» **Exercise**:
Find the line containing "Gallery Honda Civic" in the listing below; reproduce it and every line after, exactly. Skip pictures.

» **Dataset excerpt**:
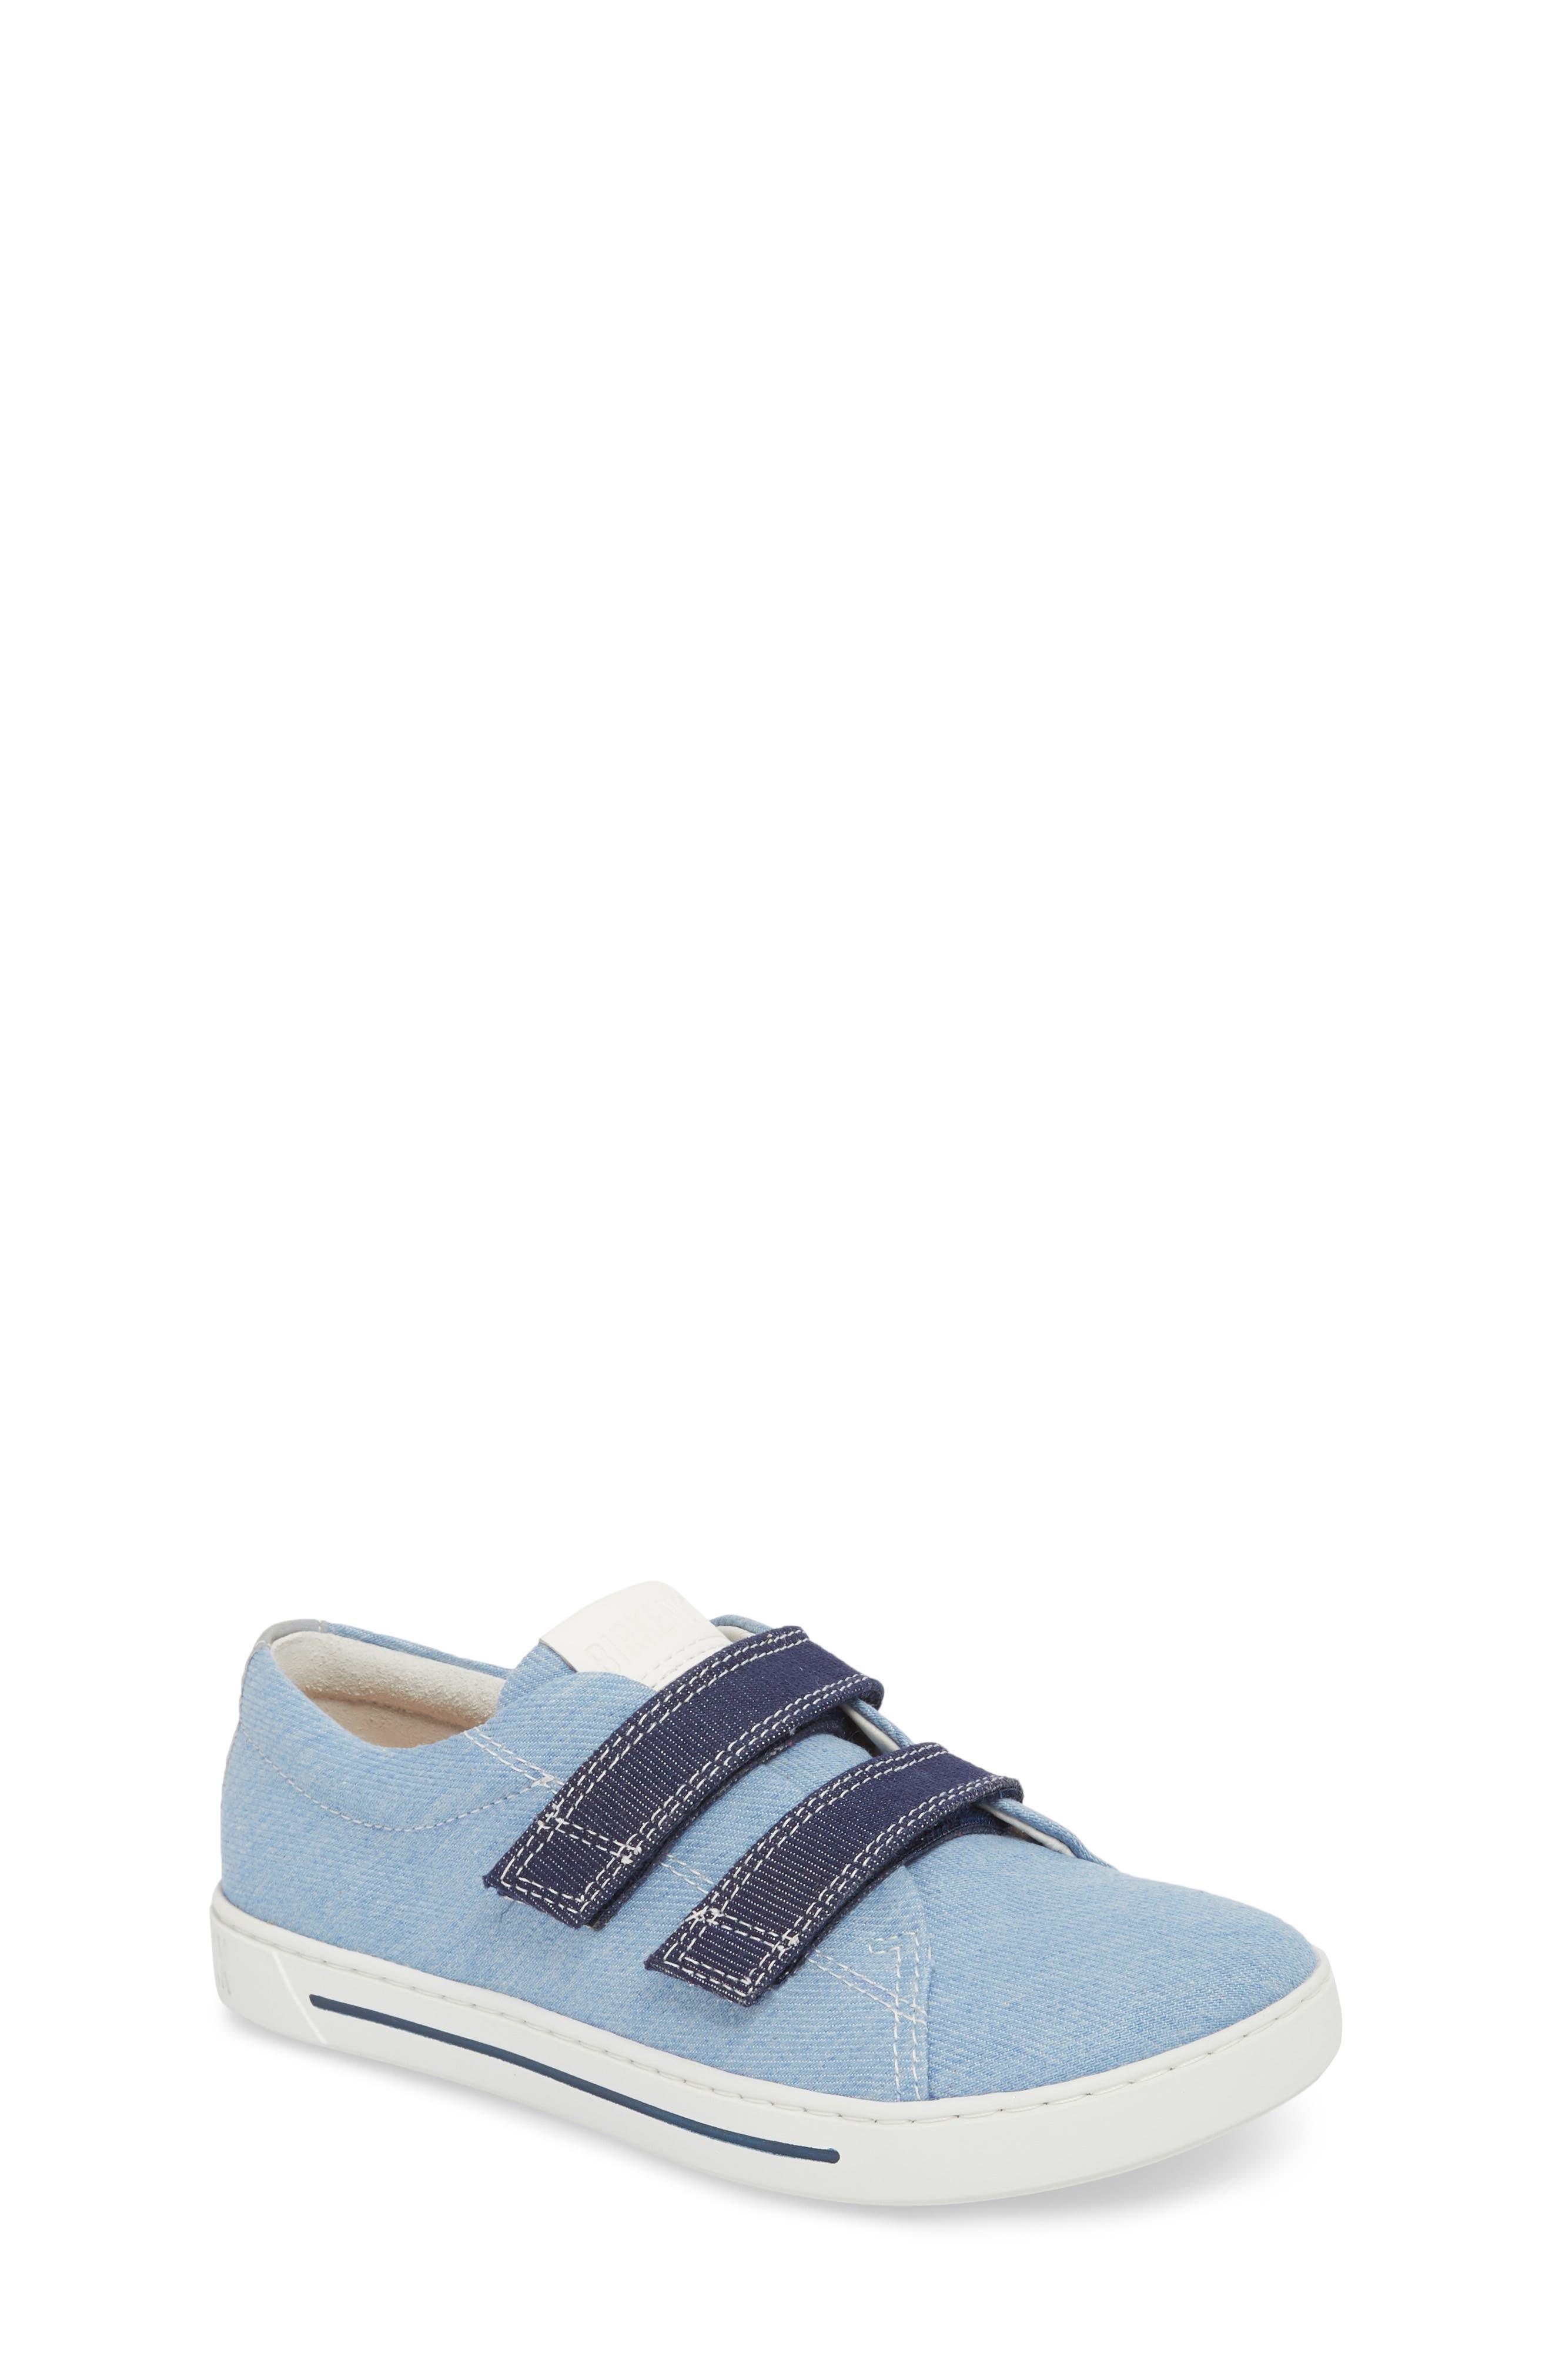 Main Image - Birkenstock Arran Sneaker (Toddler & Little Kid)
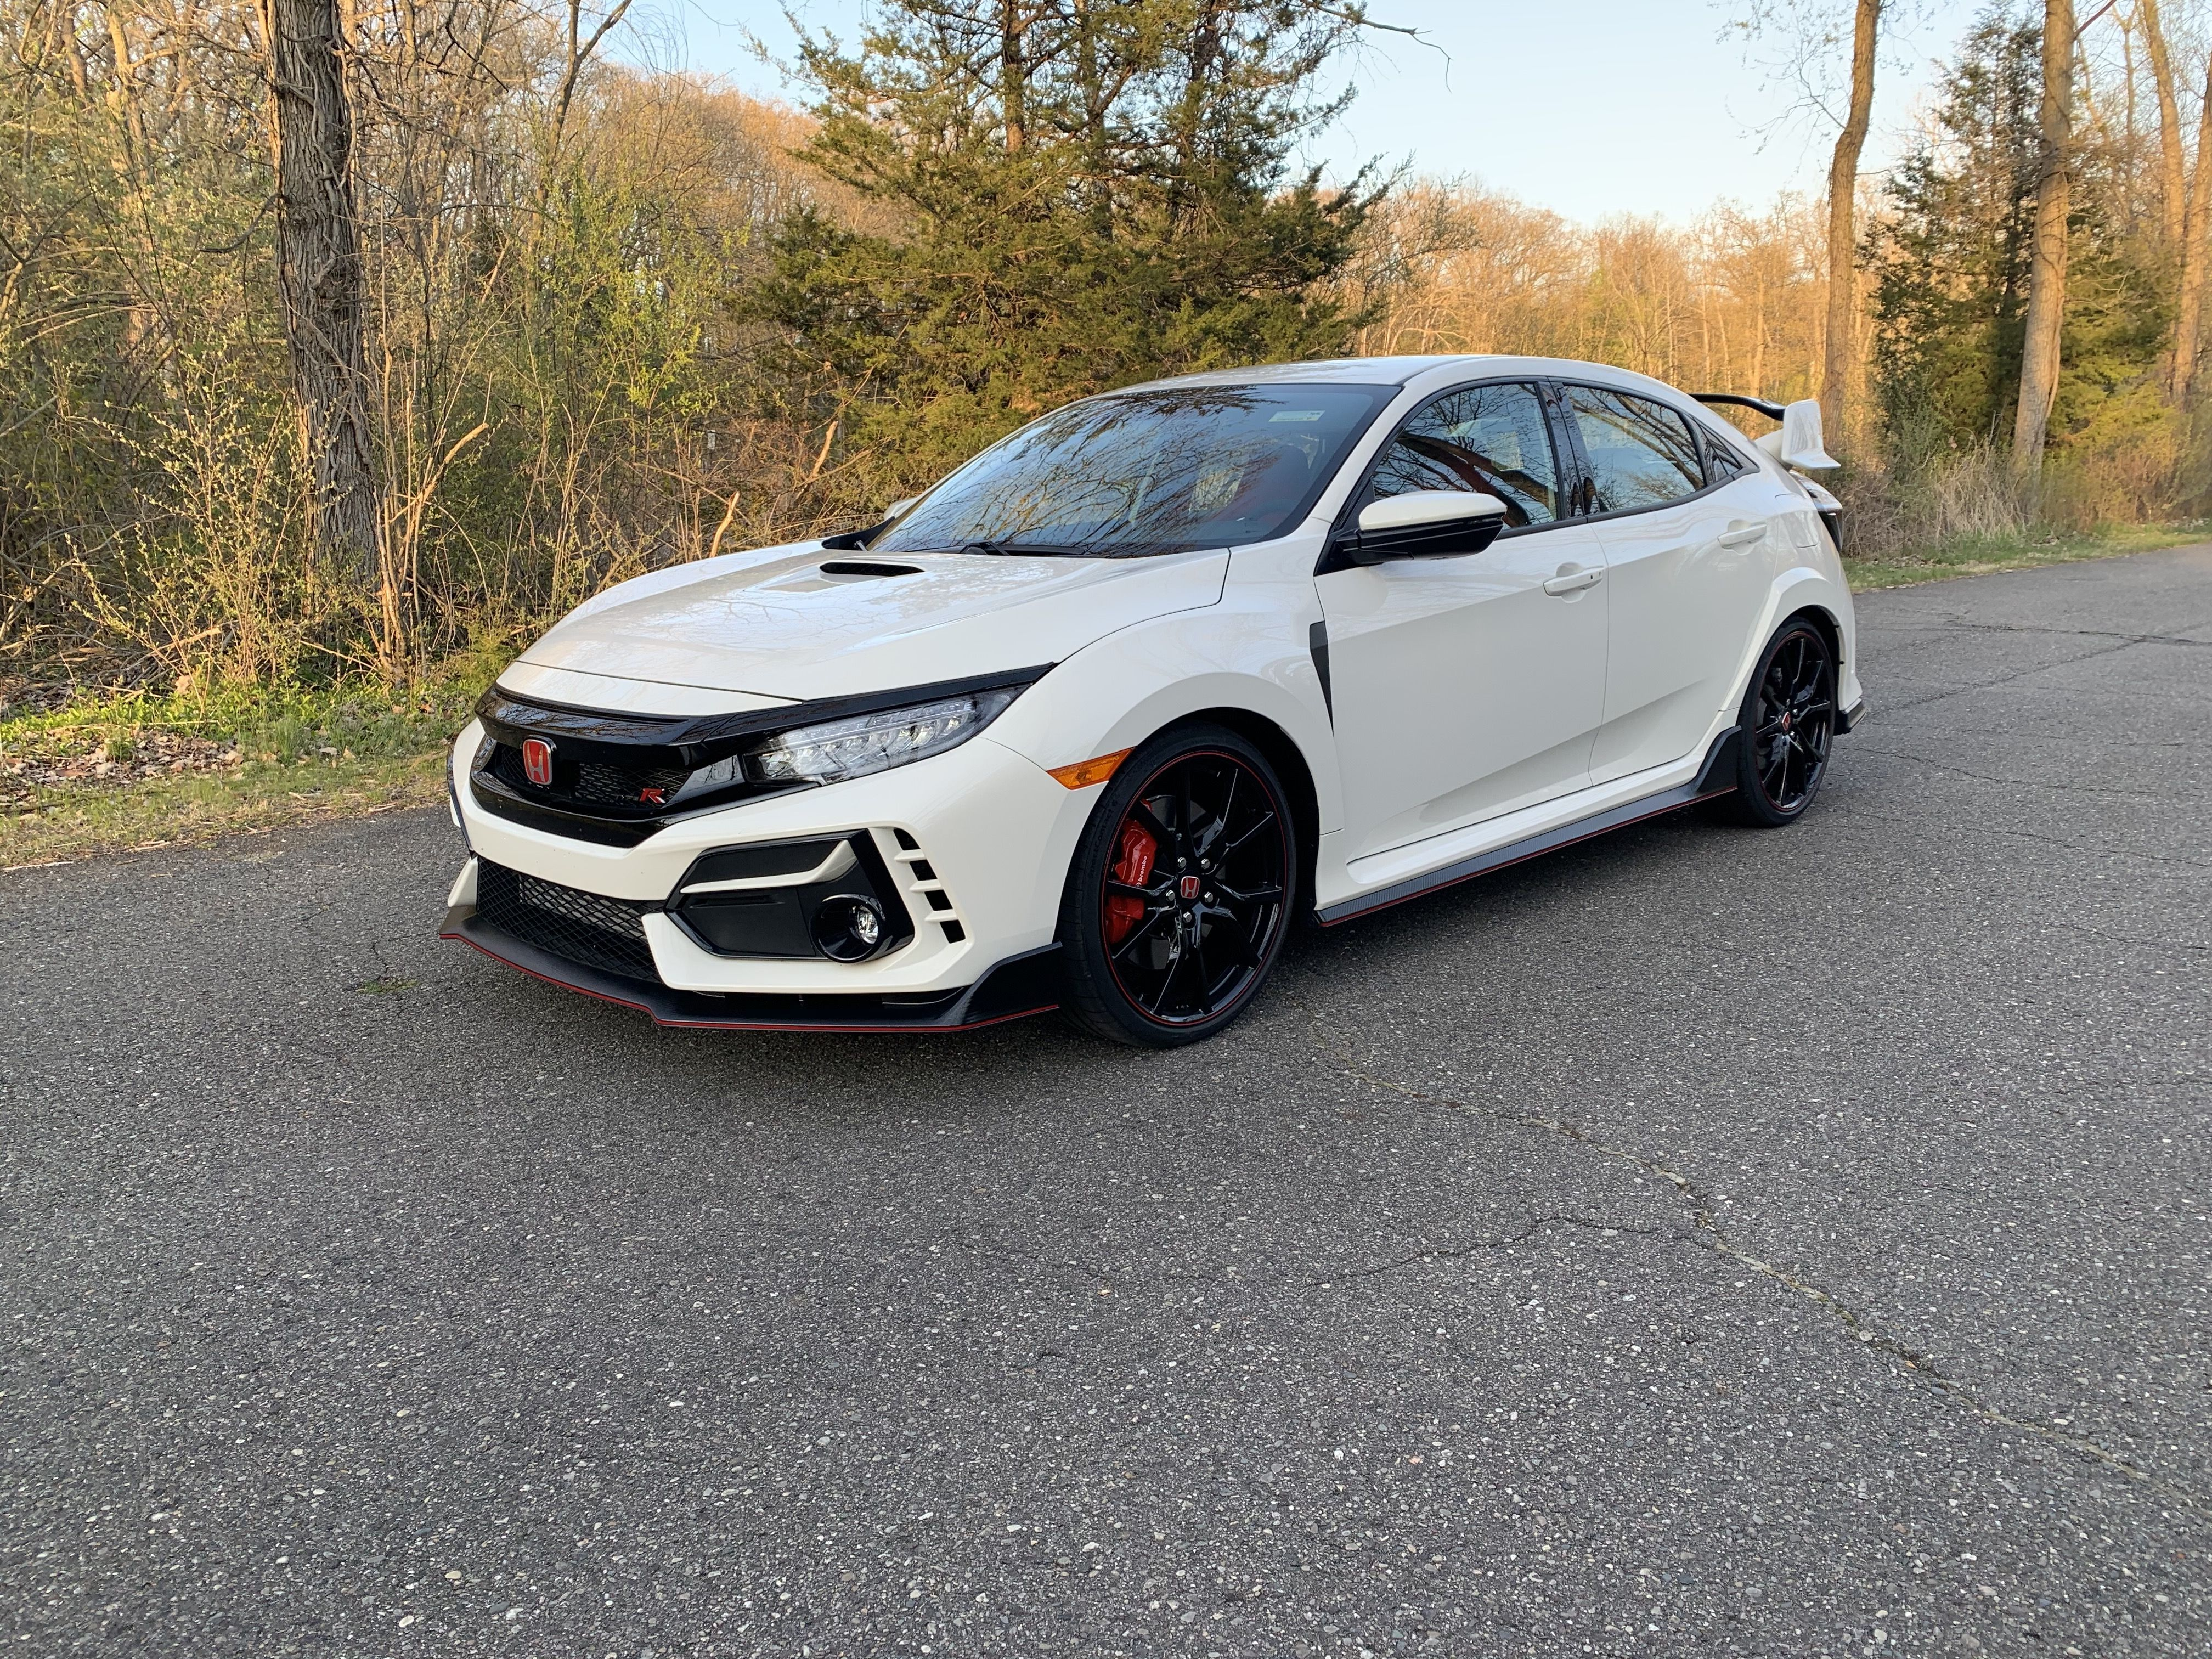 Gallery Honda Civic Type R In Championship White
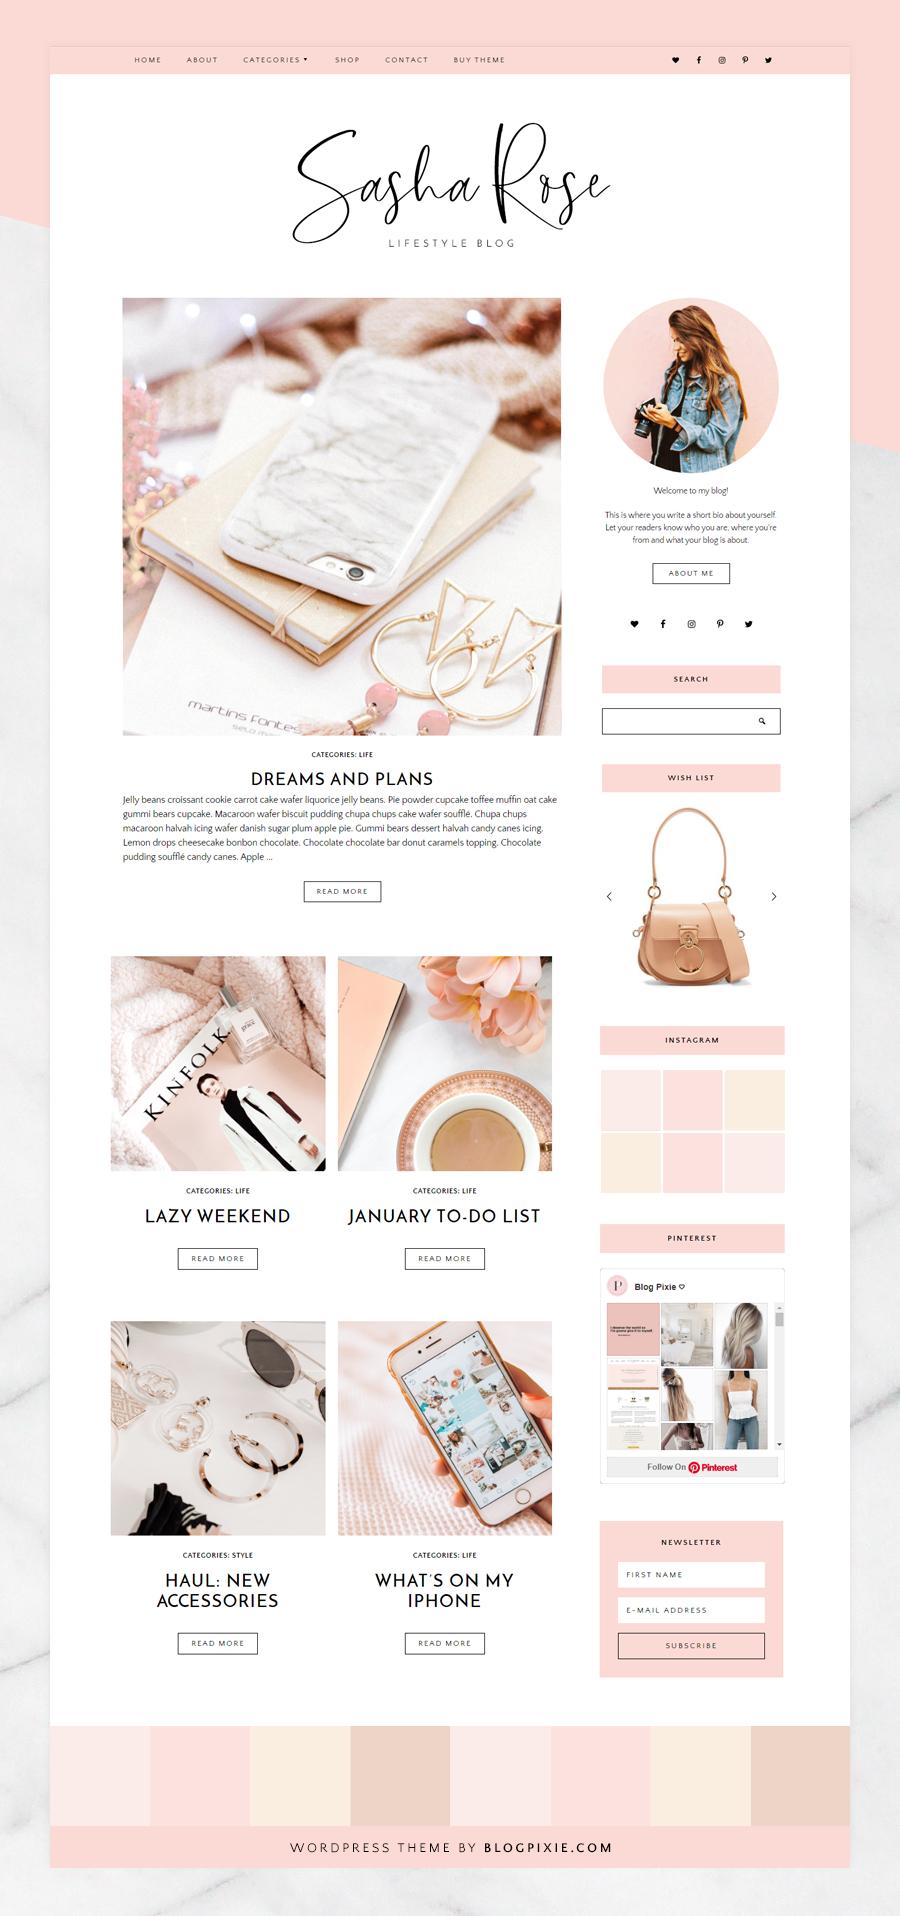 Wordpress Themes For Bloggers - Sasha Rose Wordpress Blog Theme by Blog Pixie

» **Written answer**:
 Gallery Honda Civic Type R In Championship White
 Wordpress Themes For Bloggers - Sasha Rose Wordpress Blog Theme by Blog Pixie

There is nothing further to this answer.